Claim. If $G$ is a group with a normal subgroup $K$, then $G/K \times K \cong G$.
Proof. $G/K$ is quotient group consisting of equivalence classes. Pick a representative $[g]$ for each equivalence class. Then consider the map $\varphi : G / K \times K \longrightarrow G$ defined by $([g], k) \mapsto gk$. The map is well-defined since we picked a single representative for each equivalence class. If $\varphi([g], k) = gk = g'k' = \varphi([g'], k')$, then $g = g' k' k^{-1} \in g'K$, so $[g] = gK = g'K = [g']$ and thus $g = g'$ since we have chosen one specific representative. It follows from $g = g'$ and $gk = g'k'$ that $k = k'$, so $([g], k) = [g'], k')$; therefore $\varphi$ is injective. Clearly $\varphi$ is surjective: if $x \in G$, then $x \in [g]$ for some representative $g \in G$, so $x = g\tilde{k}$ for some $\tilde{k} \in K$, so $\varphi([g], \tilde{k}) = g \tilde{k} = x$. $\tag*{$\square$}$ The proof is fake and the claim is false. All we have is a bijection between $G/K \times K$ and $G$. There are counterexamples: Is $ G \cong G/N \times N$?. Also relevant: When does the isomorphism $G\simeq ker(\phi)\times im(\phi)$? hold?.

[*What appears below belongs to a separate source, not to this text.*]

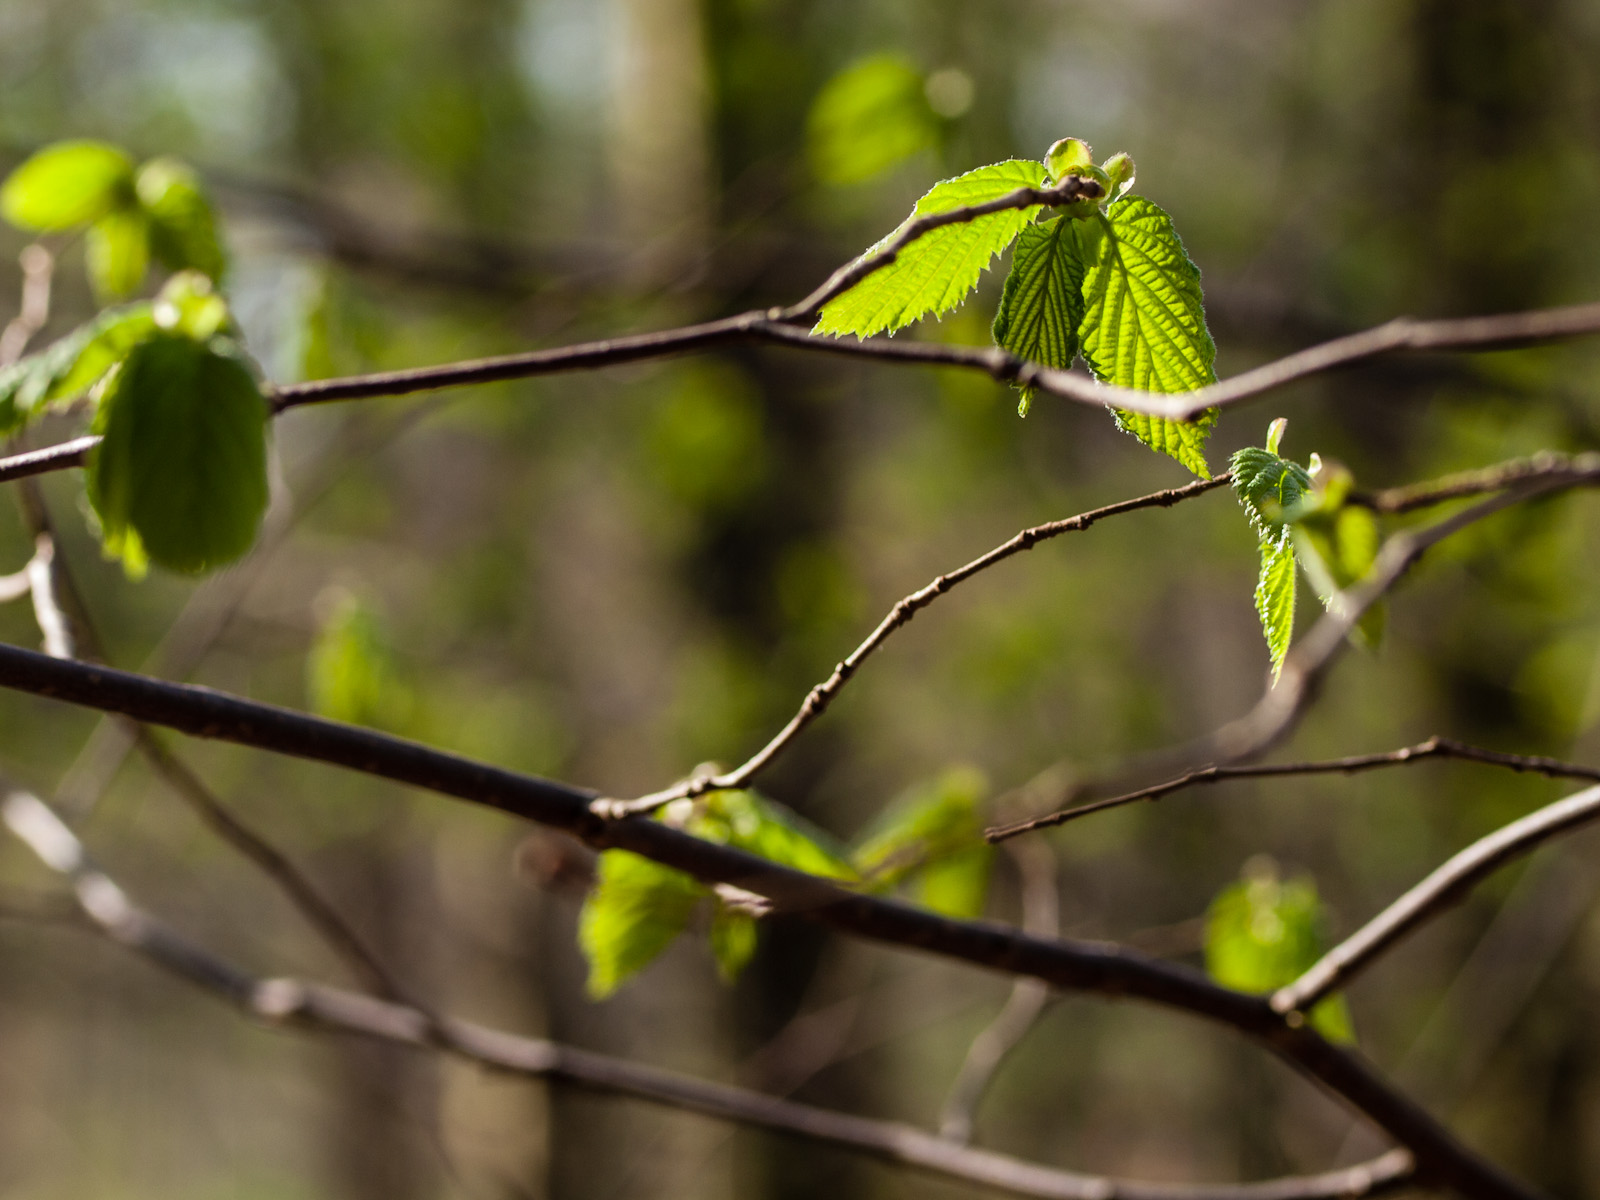 Frühling im BuchenwaldSpring in the beech wood

Suppose $V, W$ are vector spaces over a field $K$. Let $\phi : V \to W$ be a linear transformation. If $V$ is finite-dimensional, then $V \cong \ker \phi \times \text{im} \, \phi$ via some isomorphism $\tau$. Then we can decompose $\phi$ as $\phi = i \circ p \circ \tau$, where $p: \ker \phi \times \text{im} \, \phi \to \text{im} \, \phi$ is projection $(a, b) \mapsto b$ and $i : \text{im} \, \phi \to W$ is inclusion $w \mapsto w$. So when $V$ is finite-dimensional, any linear transformation $\phi : V \to W$ is a composition of isomorphisms, inclusions, and projections. I want to prove that this fact is still true when $V$ is infinite-dimensional. It suffices to prove that if $\phi : V \to W$ is linear, then $V \cong \ker \phi \times \text{im} \, \phi$.

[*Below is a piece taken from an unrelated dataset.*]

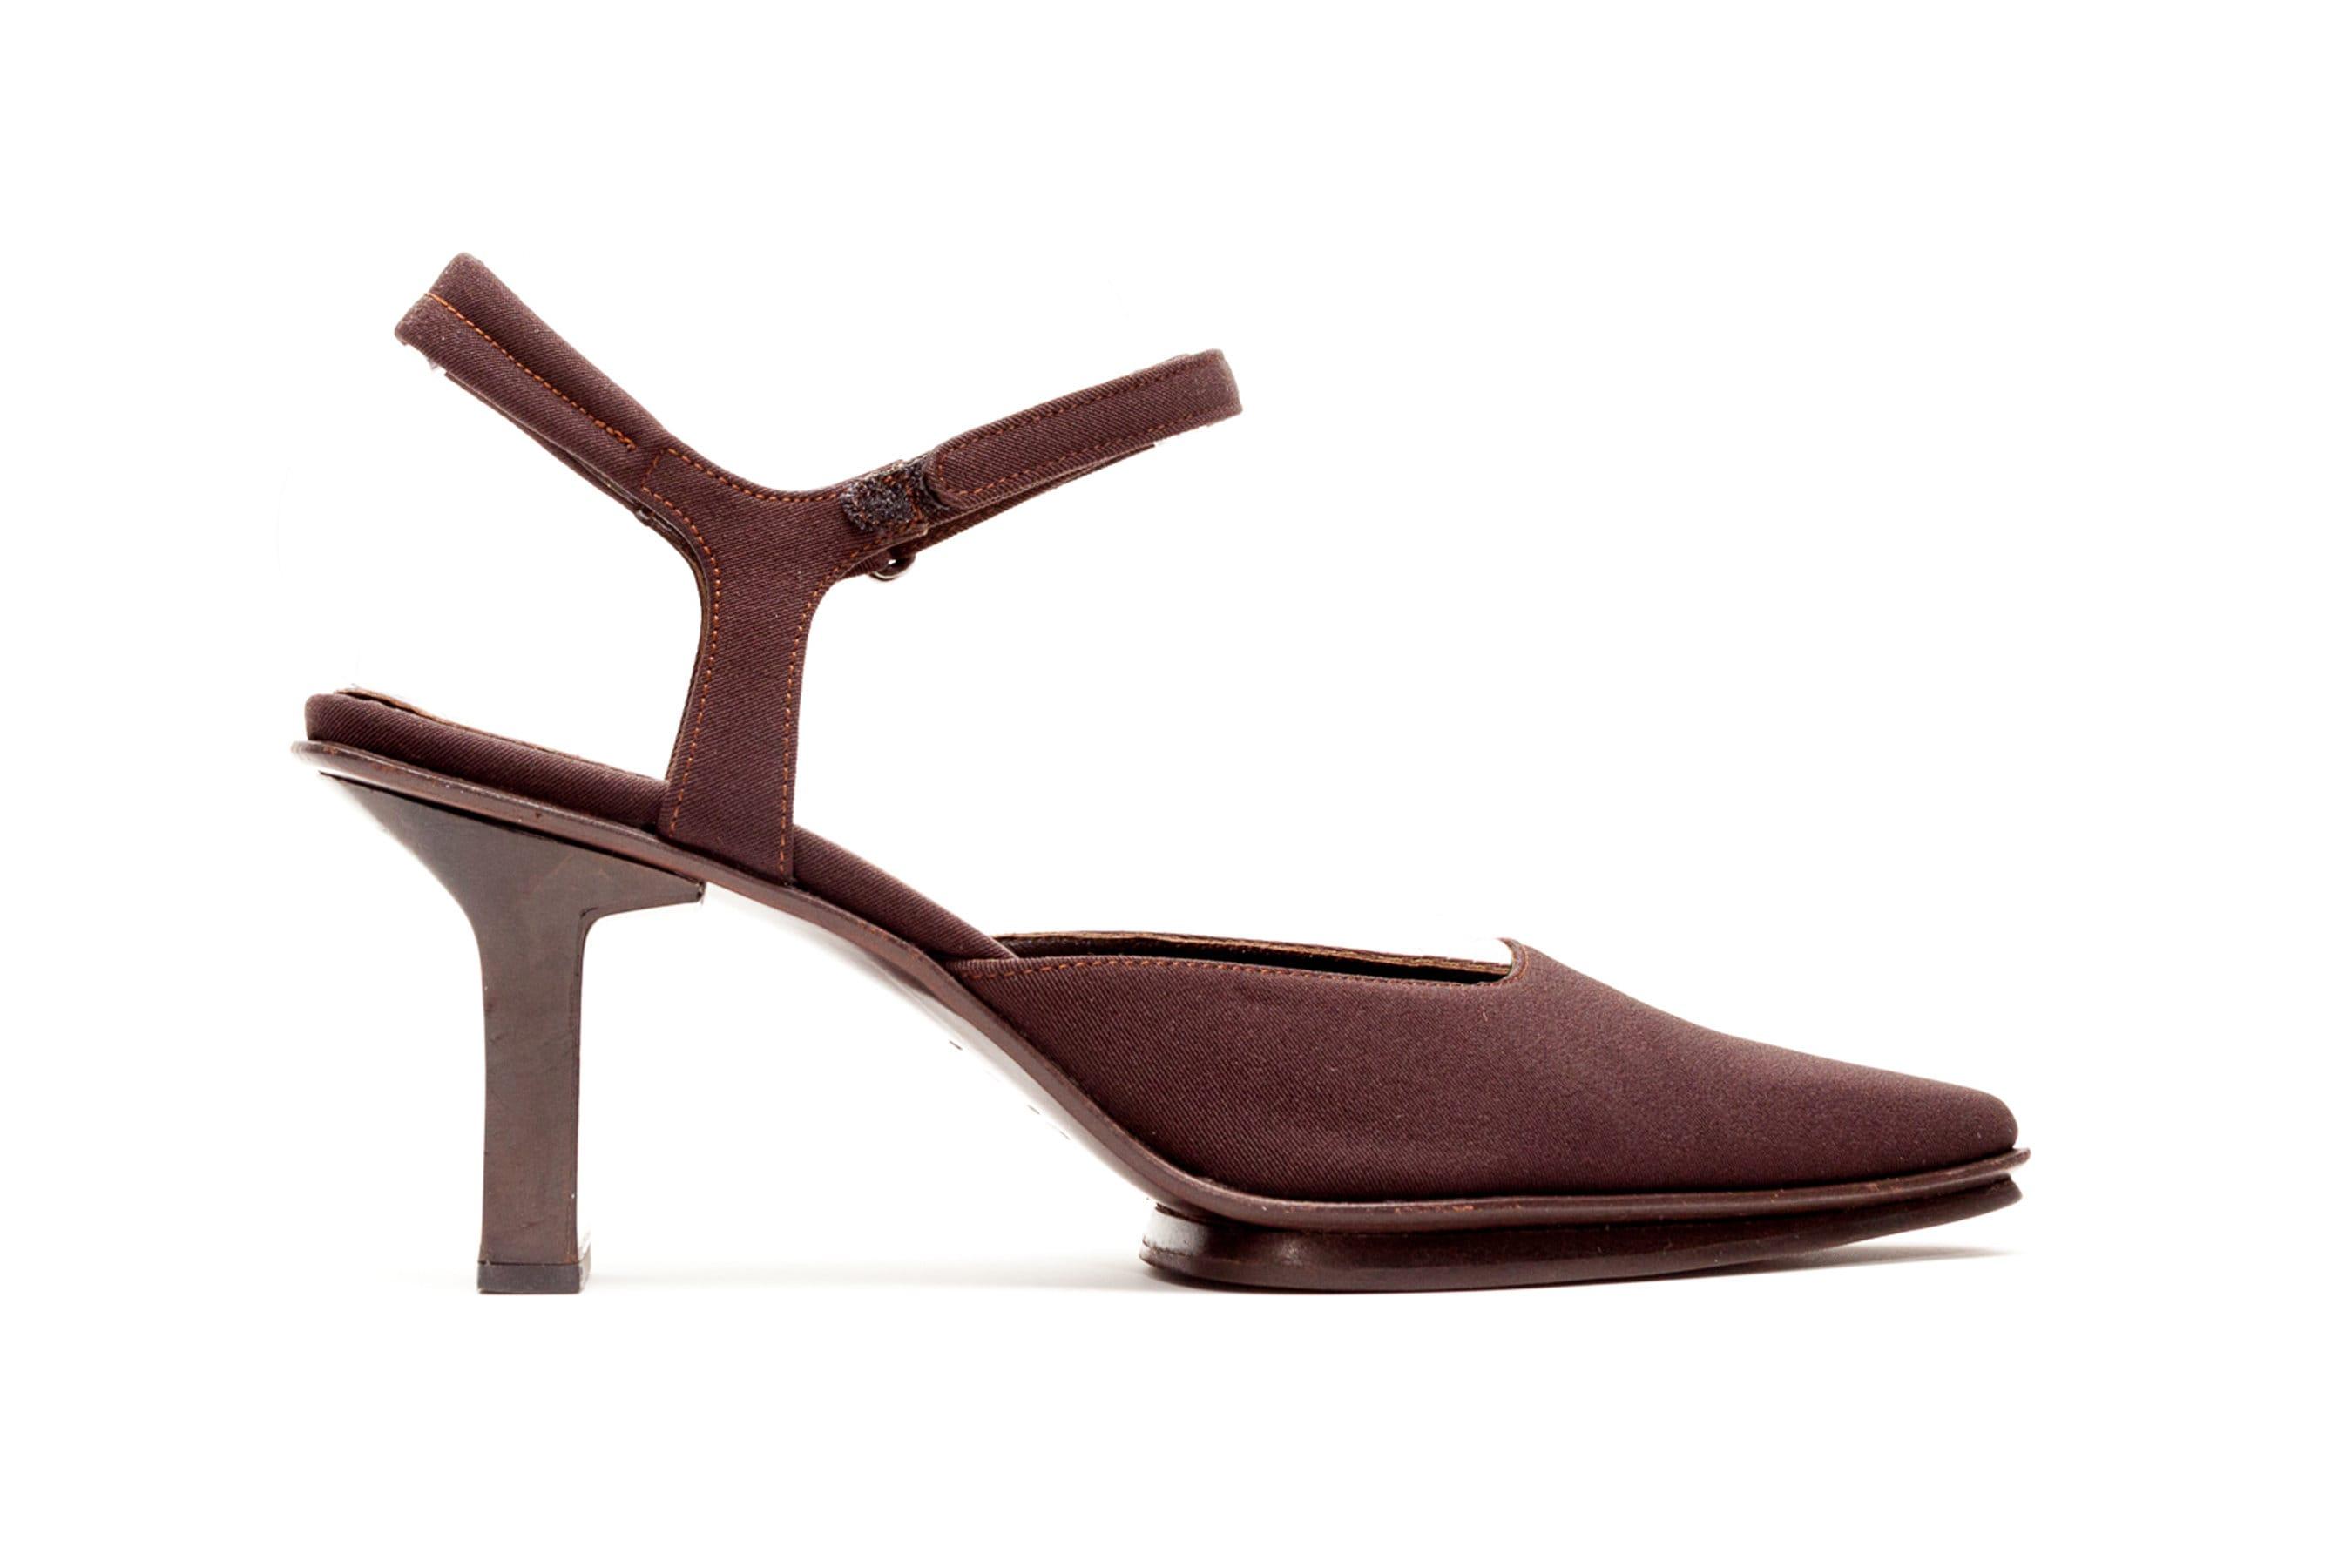 92957cb14 Prada Vintage Shoes Platform High Heels in Dark Brown Silk

My first thought was to use $\text{im} \, \phi \cong V / \ker \phi$ and conclude $\text{im} \, \phi \times \ker \phi \cong V / \ker \phi \times \ker \, \phi \cong V$. But based on the above fake fact, I don't immediately expect the last equality to be true. It turns out that if $V/K$ is finite-dimensional, then $V/K \times K \cong V$ (see here). So I don't know how to handle the case that both $V$ and $V/\ker \phi$ are infinite-dimensional.

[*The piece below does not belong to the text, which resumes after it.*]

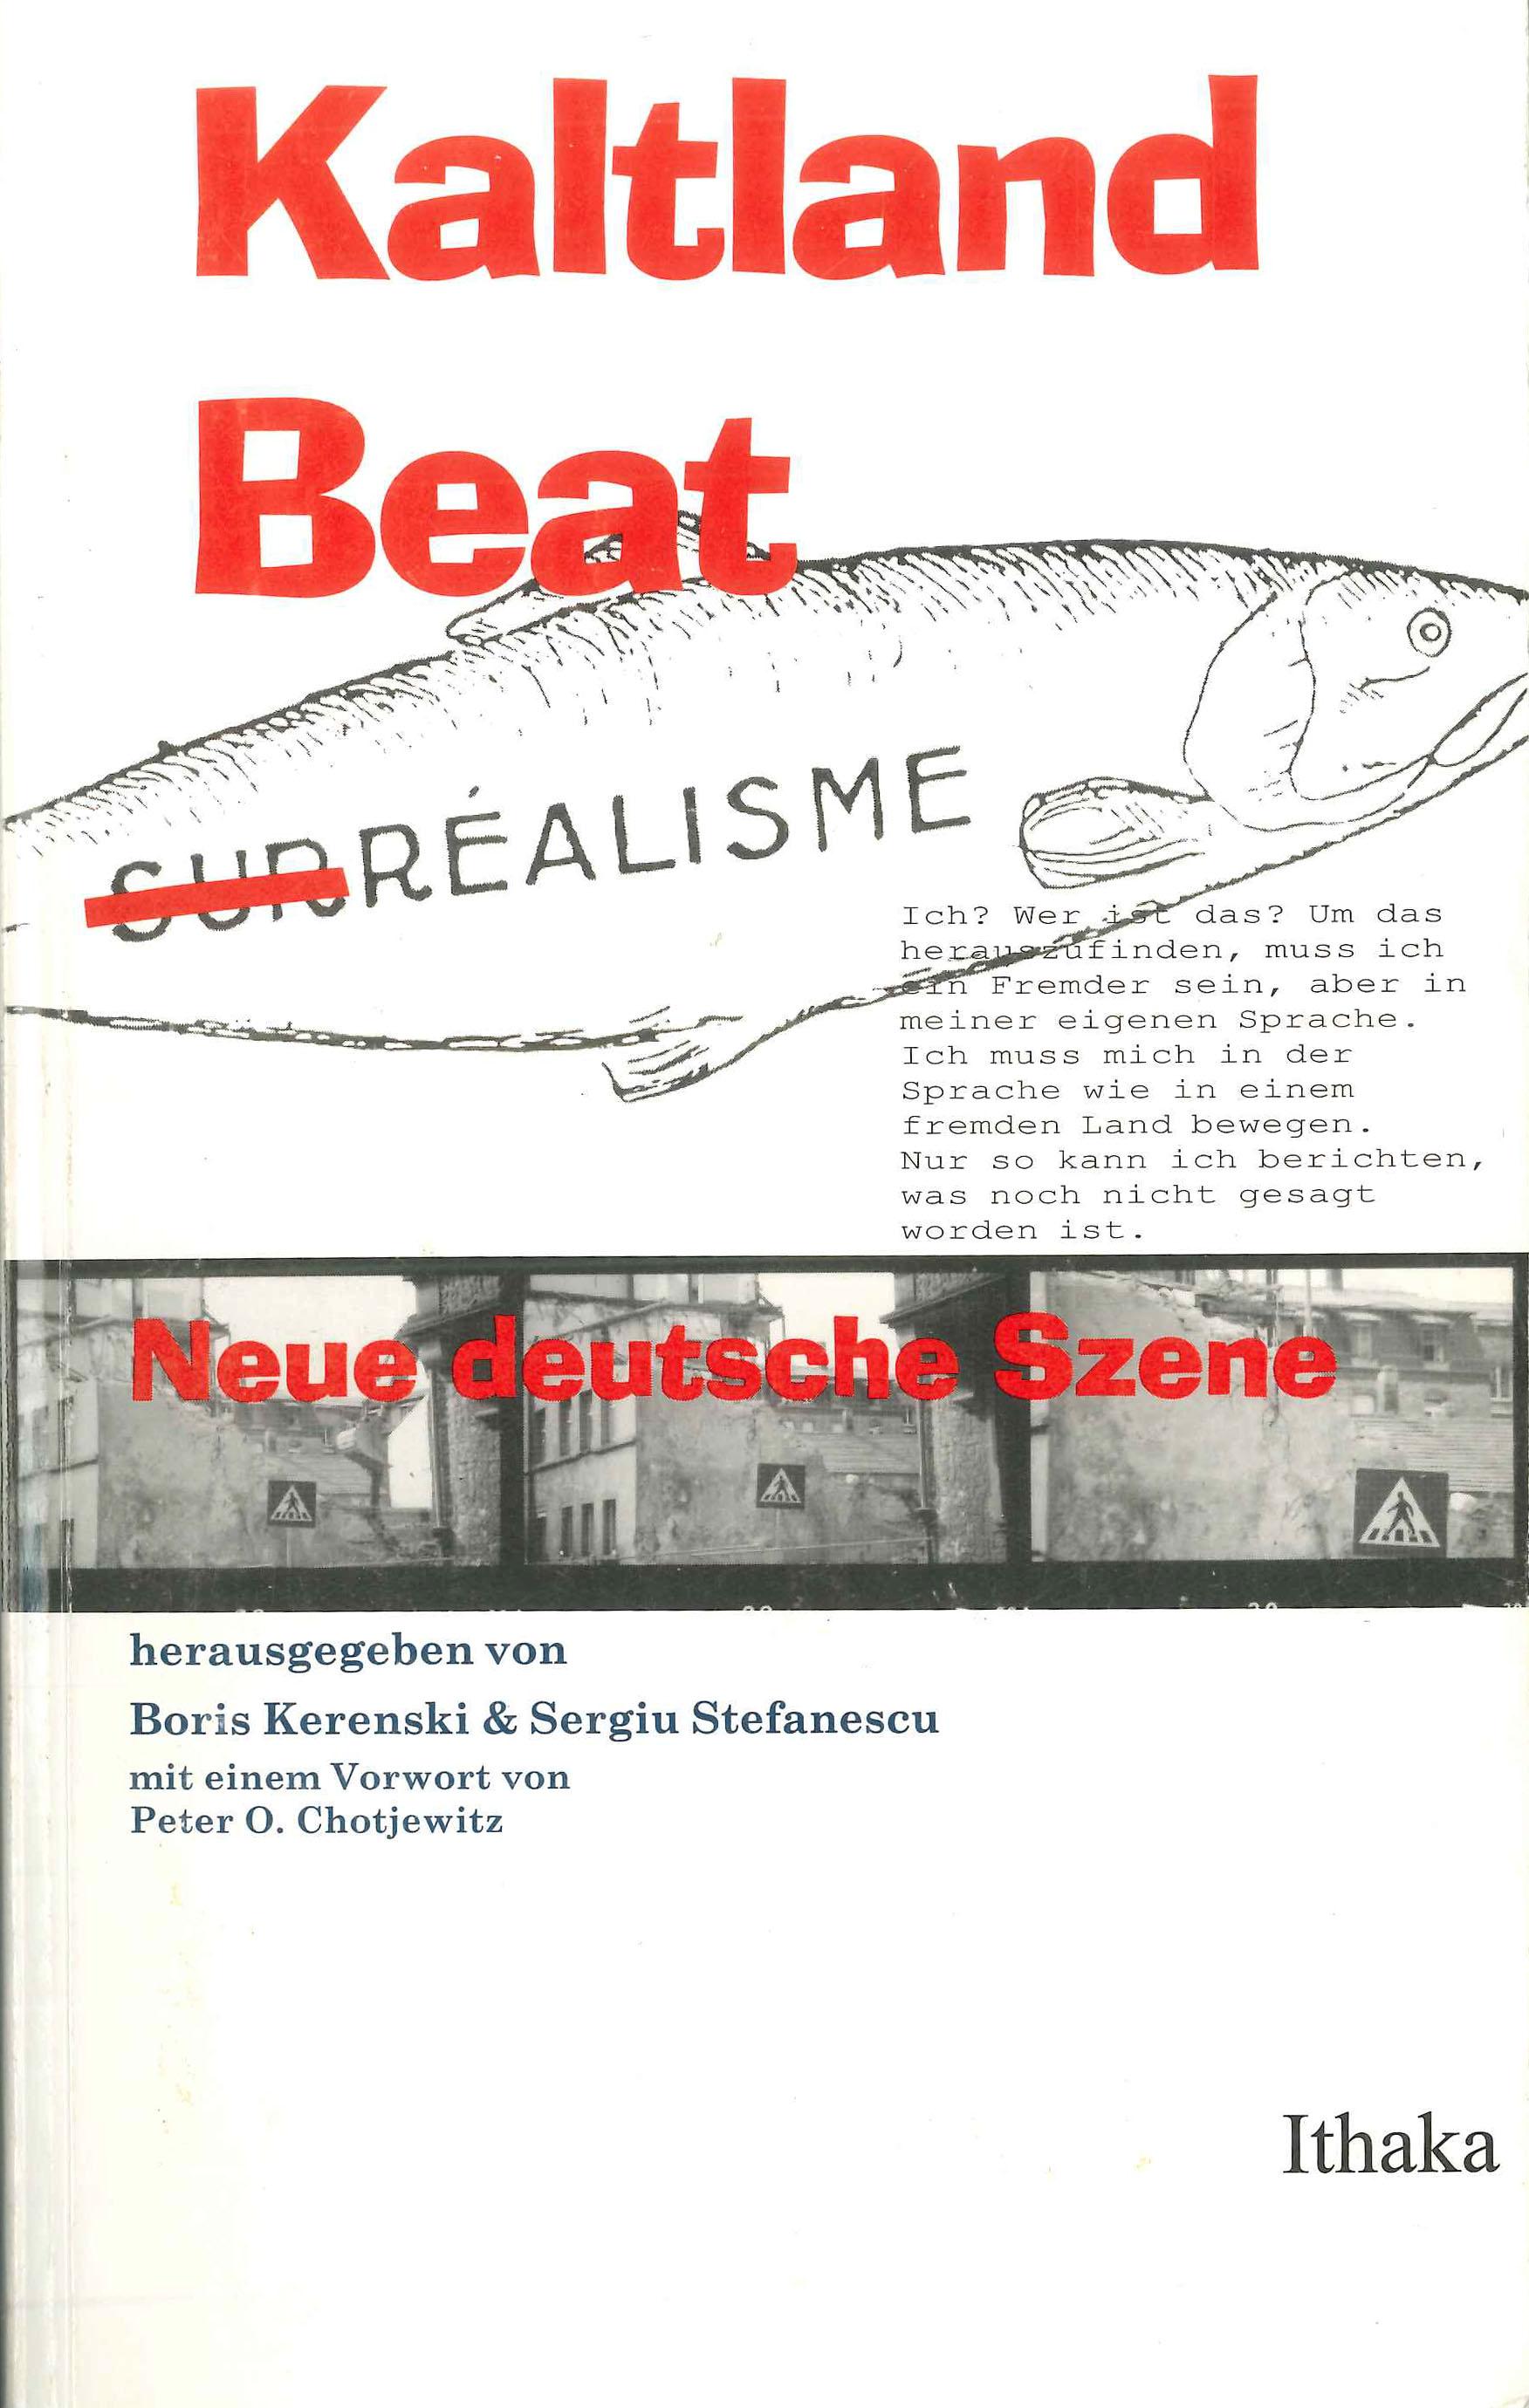 Kaltland Beat

I thought I would find an answer at Is a vector space isomorphic to the kernel $\oplus$ image of a map out of it?. But that question seems to assume that the bijection in the fake proof above is a vector space isomorphism. Just before posting the question, I found an answer in the "similar questions" suggestion: if $\phi : V \to W$ is a linear transformation between vector spaces, then $V \cong \ker \phi \times \text{im} \, \phi$. But I am still curious if the original proof idea will work. Specifically:
If $V$ is an infinite-dimensional vector space and $K$ is a subspace of $V$ such that $V/K$ is infinite-dimensional, then is $V/K \times K \cong V$?